- Task goal
Copy exactly, and only, the lines from the line containing "Pepe Jeans 5-Pocket-Jeans" through the last line of the records below, both included, and leave out any pictures.

··· Record excerpts

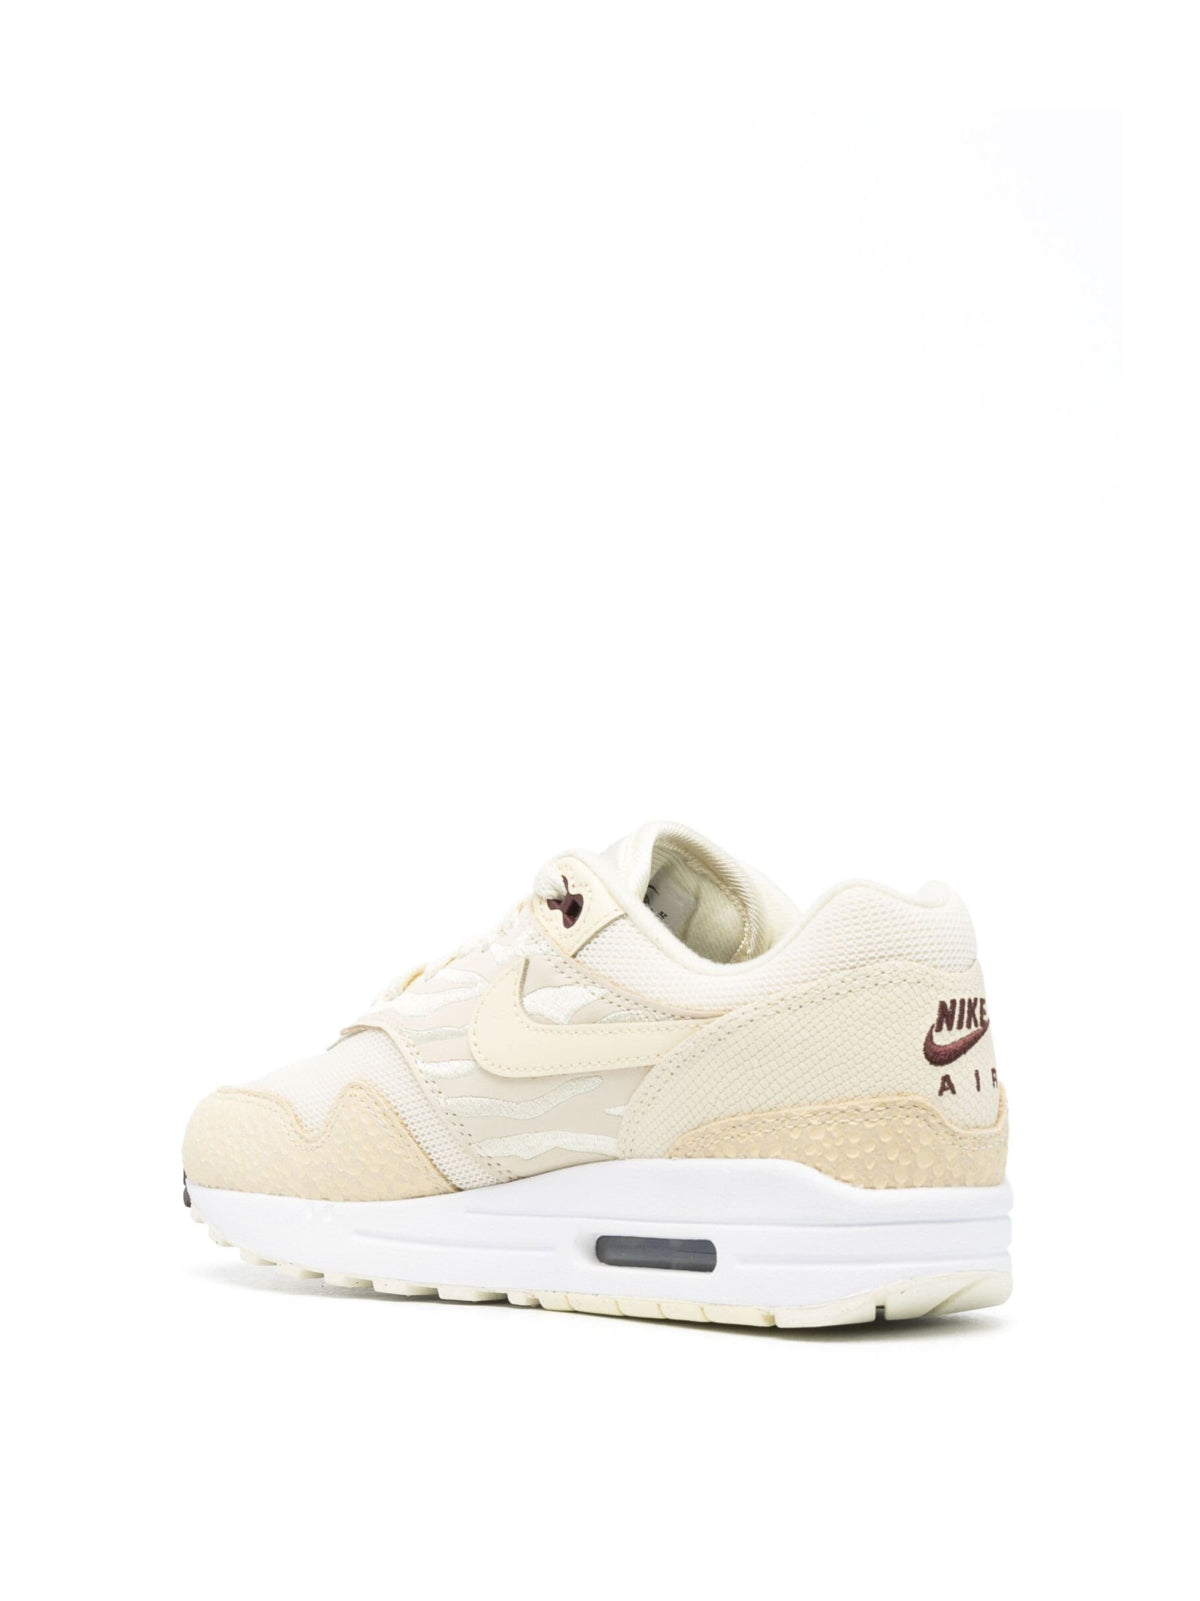 Nike-OUTLET-SALE-Air Max 1 87 Coconut Milk Sneakers-ARCHIVIST
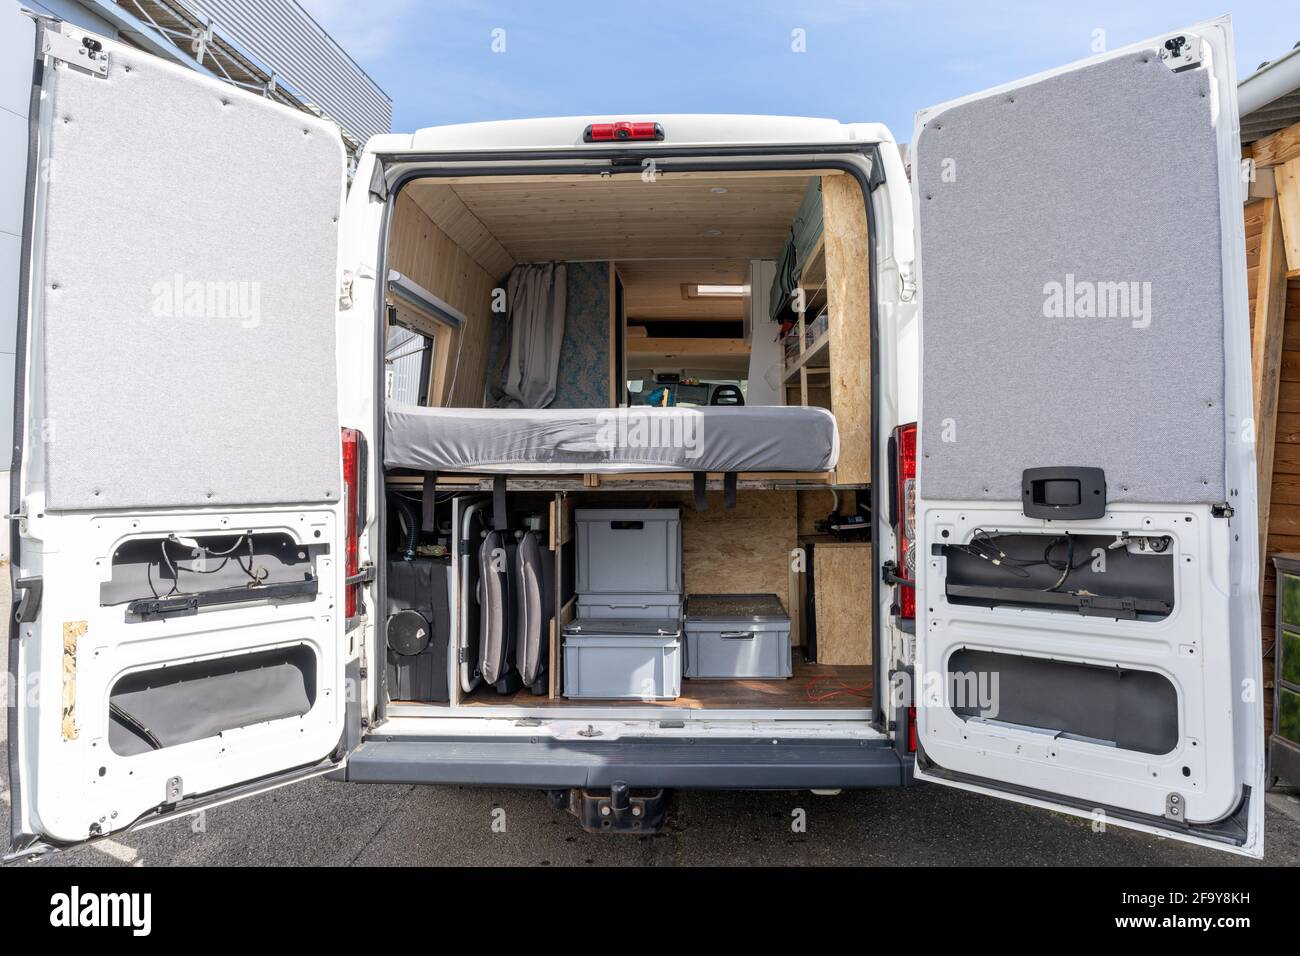 interior view of a self-build camper van in the finishing stages Stock Photo
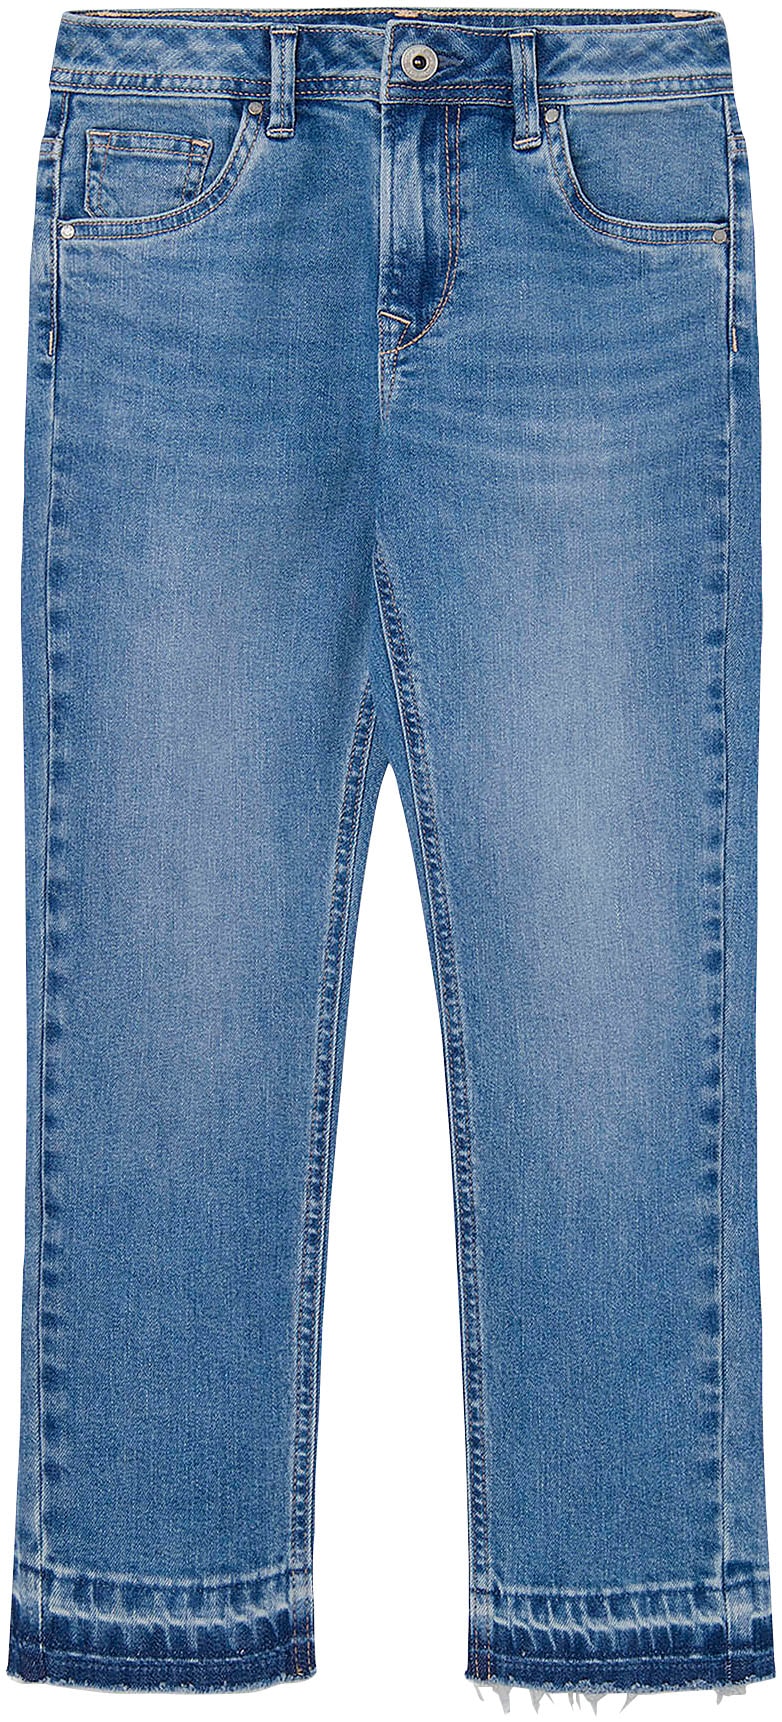 Pepe Jeans 5-Pocket-Jeans »TAPERED HWJR« von Pepe Jeans
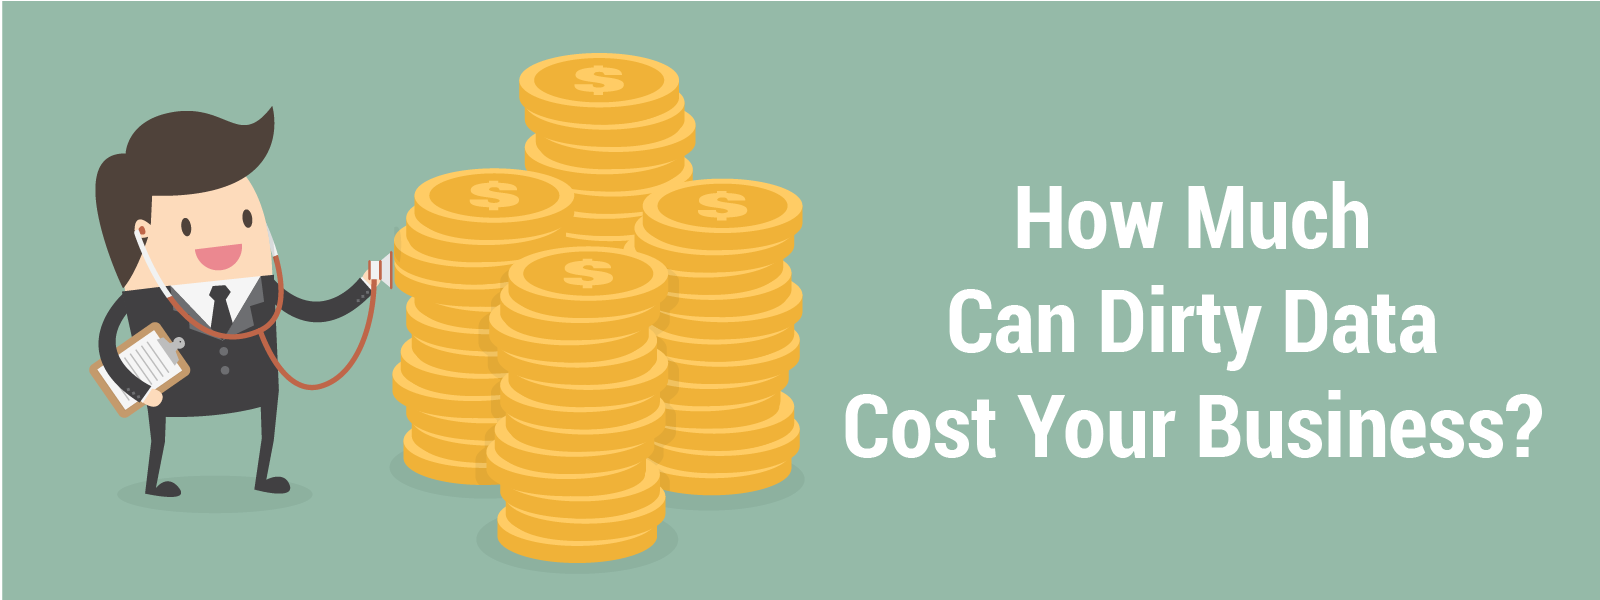 How Much Can Dirty Data Cost Your Business?
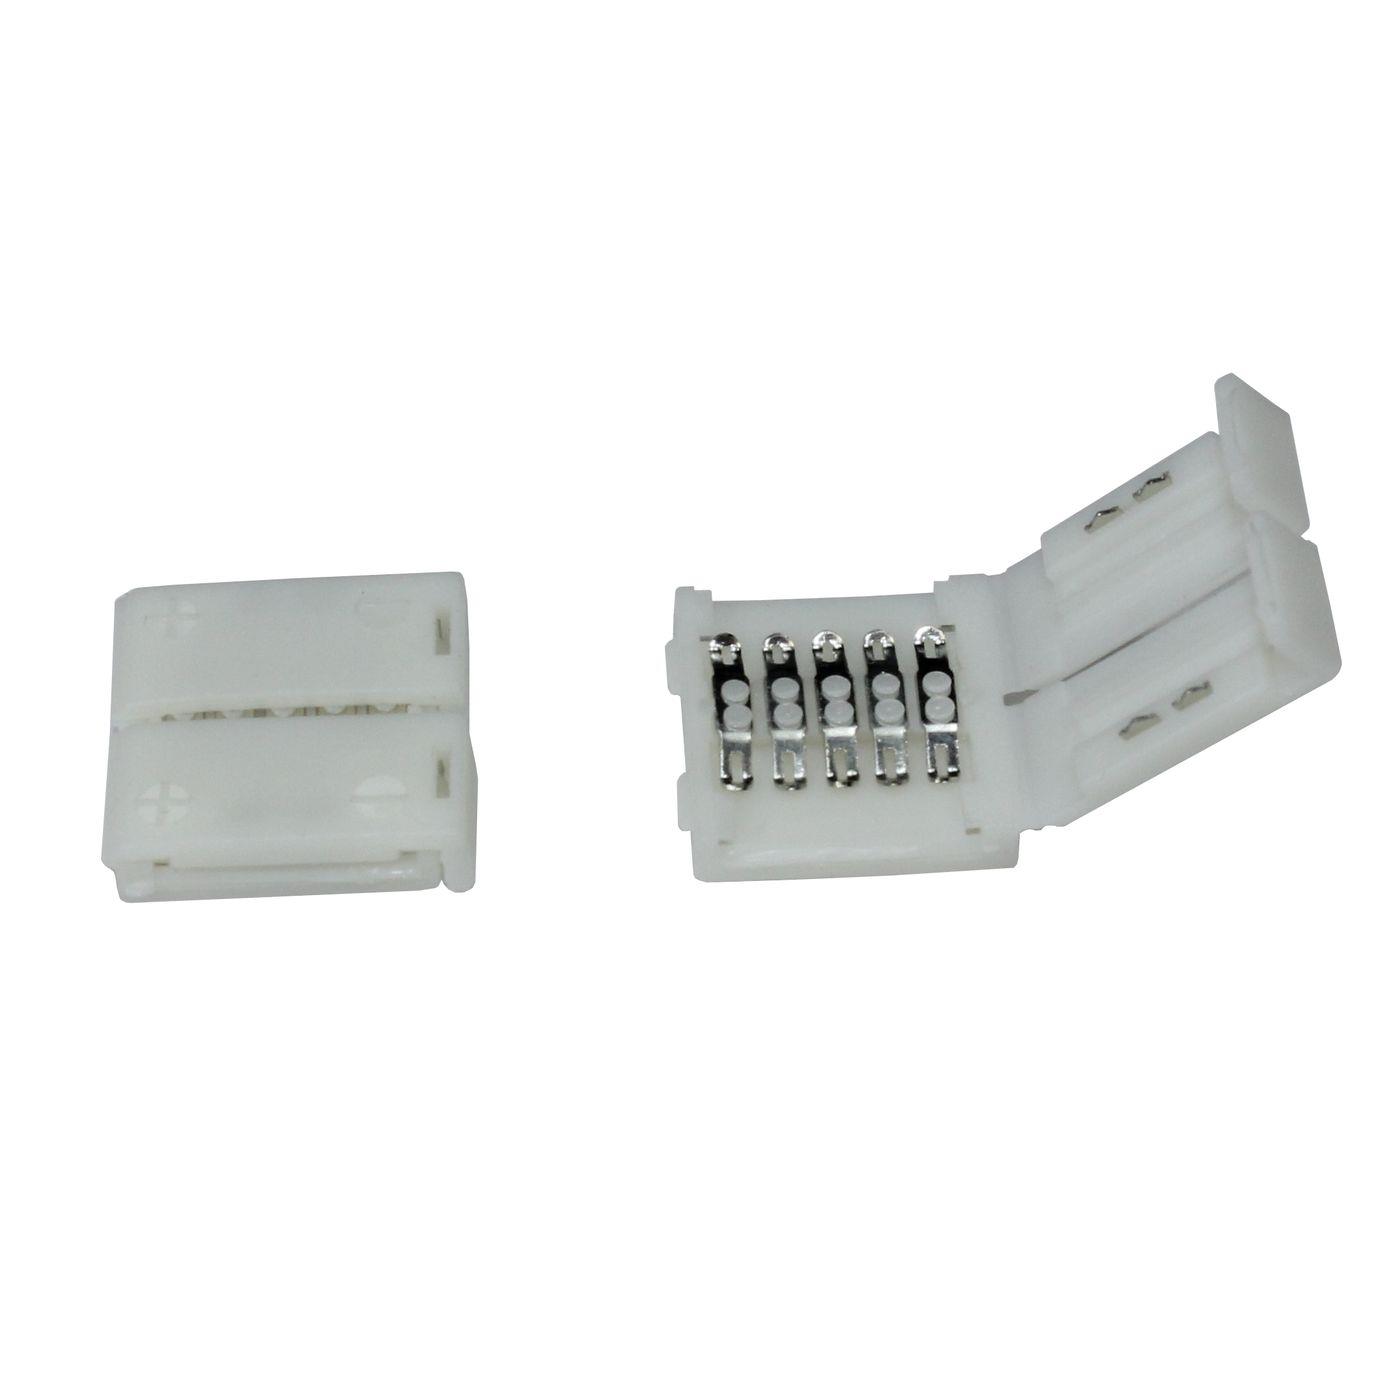 RGBW LED Clip Connector for 12mm RGBW LED Strip 17x5mm

······

- The answer
 Pepe Jeans 5-Pocket-Jeans »TAPERED HWJR« von Pepe Jeans
 How Much Can Dirty Data Cost Your Business?
 RGBW LED Clip Connector for 12mm RGBW LED Strip 17x5mm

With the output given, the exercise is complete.